Di dalam suatu acara diskusi di Jakarta, pada 4 Februari 2015, Rizal Ramli bahkan dengan terang-terangan mengatakan bahwa banyak menetri di Kabinet Kerja Jokowi sangat tak berkwalitas. Kwalitasnya bukan “kw-2” lagi, tetapi “kw-3”.
"Banyak menteri di kabinet Jokowi masih 'kw-3' (tak berkwalitas)”, kata Rizal Ramli ketika itu.
Dia pun mencontohkan Menteri Koordinator Politik, Hukum, dan Keamanan Tedjo Edhy Purdijatno yang pernah justru memperkeruh konflik antara KPK dan Polri, saat mengatakan rakyat pendukung KPK adalah rakyat yang tidak jelas.
"Tolong hentikan 'ludruk' ini karena ini menjadi ketawaan dunia," ujar Rizal.
Kini, “Mentri Ludruk” ala Rizal Ramli itu sudah diberhentikan oleh Presiden Jokowi, menggantikannya dengan Luhut Binsar Pandjaitan.
Rizal juga mempertanyakan kinerja menteri-menteri yang membidangi ekonomi dan energi, karena menaikkan harga BBM. Menurutnya, meskipun kemudian harga BBM diturunkan lagi mengikuti harga minyak dunia, tetapi harga bahan pokok sudah terlanjur naik dan tak bakal turun lagi.
"Kalau jadi pejabat hanya bisa menaikkan harga, enggak usah sekolah tinggi-tinggi.
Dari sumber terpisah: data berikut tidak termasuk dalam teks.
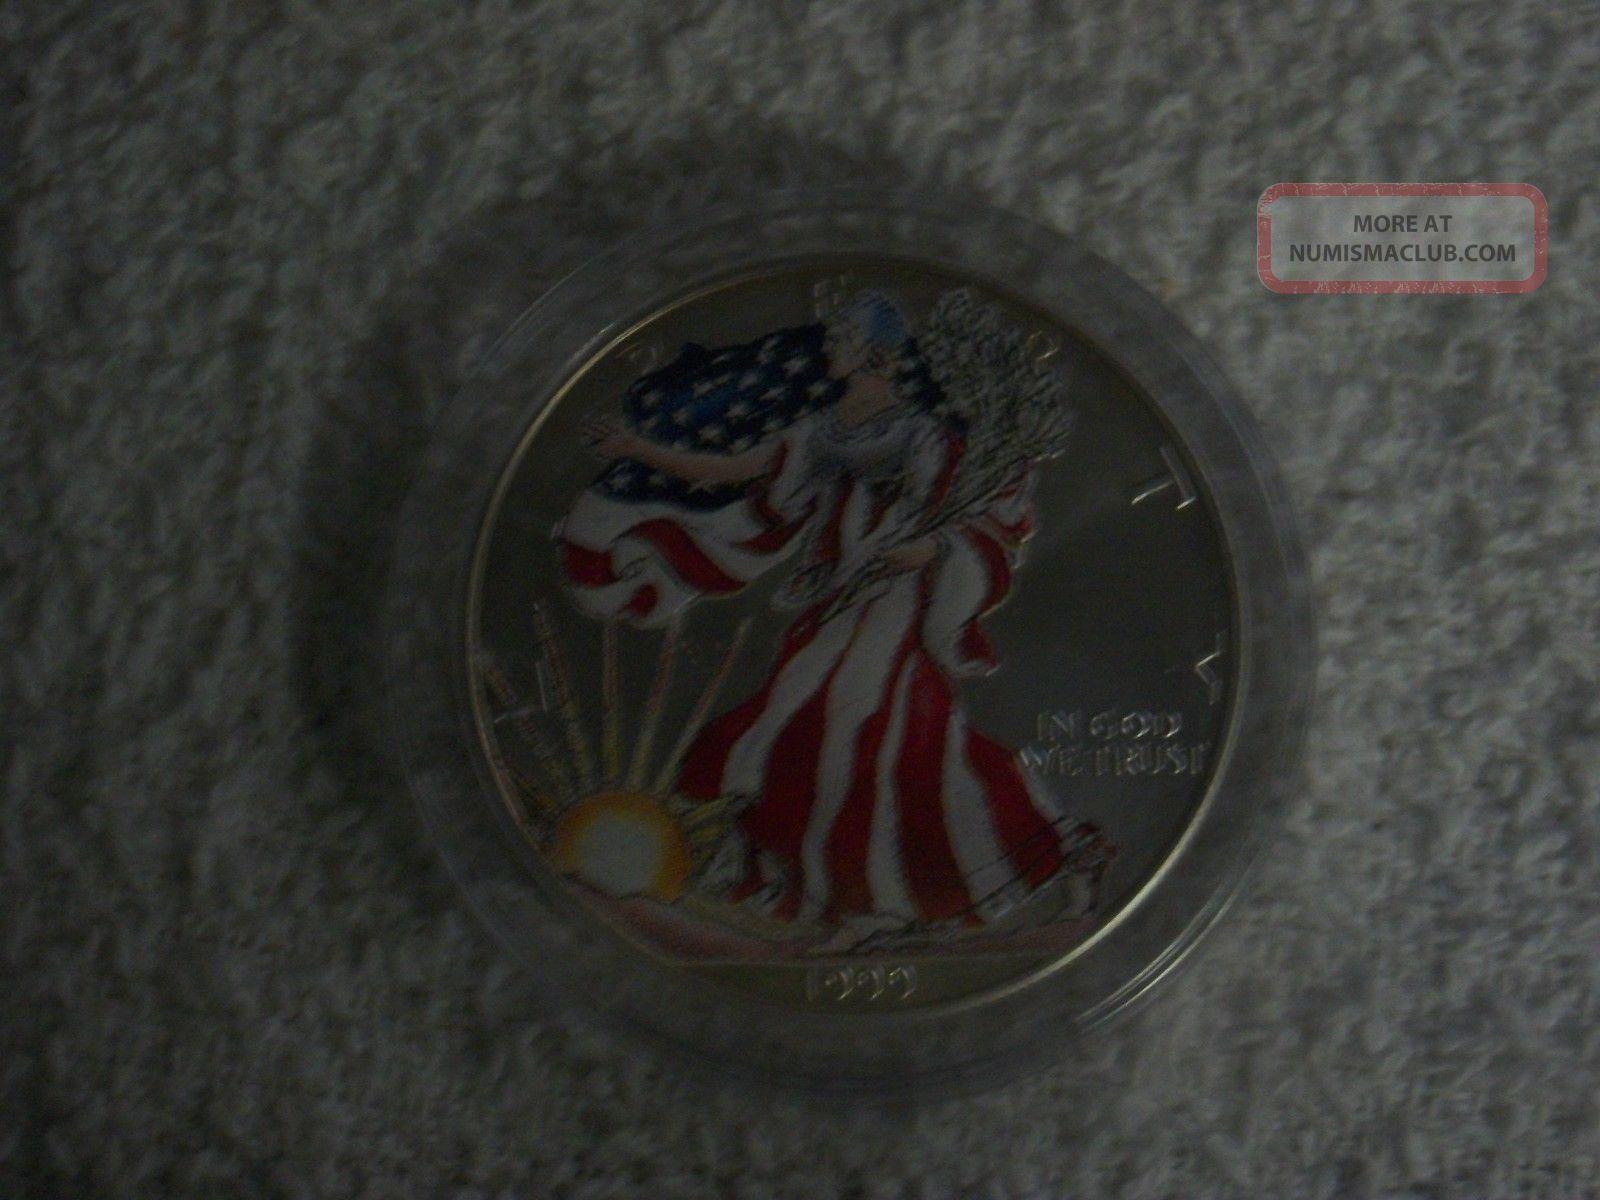 1999 American Eagle Silver Dollar 1oz Fine Silver - Lady Liberty Full Color Silver photo

Padahal banyak cara menurunkan harga," kritik Rizal.
Saat melancarkan kritik ini; mengatai banyak menteri di Kabinet Kerja Jokowi tak punya kwalitas alias “kw-3”, Rizal tampaknya tak sadar bahwa dengan mengatakan demikian berarti sama saja dengan dia mengatai juga Jokowi sebagai Presiden yang tak mampu memilih para pembantunya yang berkwalitas. Pilih menteri-menteri kok seperti “pemain ludruk” dan hanya kw-3.
Kalau menteri-menterinya banyak yang ber-kw-3, lalu yang memilihnya kw berapa, dong?!”
Demikian juga dengan kritiknya tentang menaikkan harga BBM bersubsidi, Rizal Ramli lupa bahwa justru Presiden Jokowi-lah yang memutuskan menaikkan harga BBM bersubsidi itu. Tak mungkin menteri bisa menaikkan harga BBM tanpa perintah/persetujuan dari Presiden Jokowi.
Ataukah Rizal Ramli sebenarnya memang hendak menyerang Jokowi melalui para menterinya yang secara kasar dikatakan “bodoh-bodoh” itu?